The Meat of the Matter

Got your multipass? (Wikipedia link, IMDB link)

In the previous blogs, I talked about my motivation for studying deep learning (link), my choice of a machine (link to part 1, link to part 2), my search for appropriate online courses and my review of the courses I took (link to part 1, link to part 2, link to part 3), and finally my choice of an initial project and preparations for the project (link to part 1, link to part 2, link to part 3).

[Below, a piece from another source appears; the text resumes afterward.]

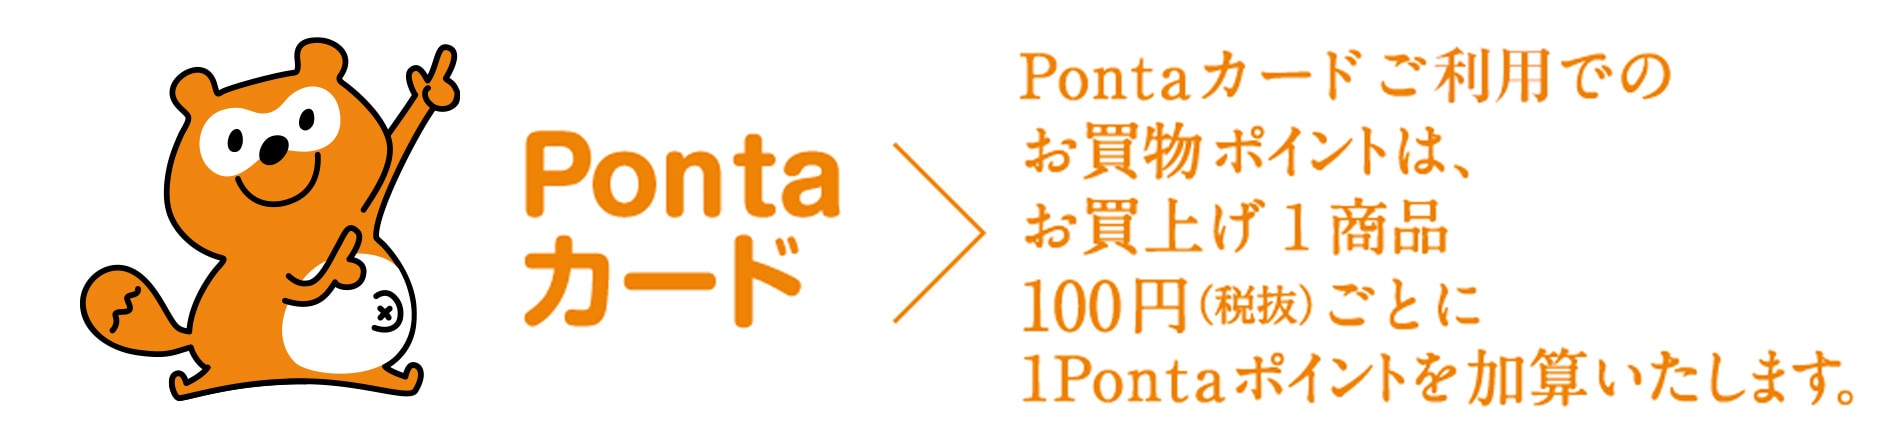 Pontaカードご提示でのお買物ポイントは、100円(税抜)ごとに1Pontaポイントを加算いたします。

And finally it's time to dig in to the results of the project, which is a simple dialogue generator for Star Trek: The Next Generation characters. The neural network and input data have all been set up, and fun can begin!

Run 1

For the first few runs, I had not trimmed the inputs as I had explained in the previous blog. It was only later when I decided to try to improve the run time that I switched. The model summary of the neural network was as follows:

Model: "sequential"
_________________________________________________________________
Layer (type) Output Shape Param #
=================================================================
embedding (Embedding) (None, 178, 128) 792192
_________________________________________________________________
bidirectional (Bidirectional (None, 178, 256) 263168
_________________________________________________________________
dropout (Dropout) (None, 178, 256) 0
_________________________________________________________________
bidirectional_1 (Bidirection (None, 256) 394240
_________________________________________________________________
dense (Dense) (None, 1024) 263168
_________________________________________________________________
dense_1 (Dense) (None, 6189) 6343725
=================================================================
Total params: 8,056,493
Trainable params: 8,056,493
Non-trainable params: 0
_________________________________________________________________

Training was relatively bearable at about 2 minutes an epoch, but started plateauing at 47% accuracy.

Train on 80531 samples
Epoch 1/100
80531/80531 [==============================] - 121s 2ms/sample - loss: 6.5320 - acc: 0.0492
...
Epoch 100/100
80531/80531 [==============================] - 117s 1ms/sample - loss: 2.5600 - acc: 0.4742

The output was already somewhat coherent, though. A 50 word output stream gives:

Picard: I don't know I don't know I don't know what you have but that is not appropriate she's attacked down I want you to consider that he was alive but I would like to talk to a little threatened the shut down time but stopping us in our own realities

Run 2

I was wondering if the LSTM portion was simply too small to store all the relationships between words, so I added two LSTM layers, one the same as the first one, and another one double the size in front of that. Also, at this point I am more concerned with accuracy than overfitting, and I am not working with a dev set either, so I removed the dropout layer and the L2 regularization.

model = Sequential()
model.add(Embedding(total_words, 128, input_length=max_sequence_len-1))
model.add(Bidirectional(LSTM(256, return_sequences=True)))
model.add(Bidirectional(LSTM(128, return_sequences=True)))
model.add(Bidirectional(LSTM(128, return_sequences=True)))
model.add(Bidirectional(LSTM(64)))
model.add(Dense(1024, activation='relu'))
model.add(Dense(total_words, activation='softmax'))
model.compile(loss='categorical_crossentropy', optimizer='adam', metrics=['acc'])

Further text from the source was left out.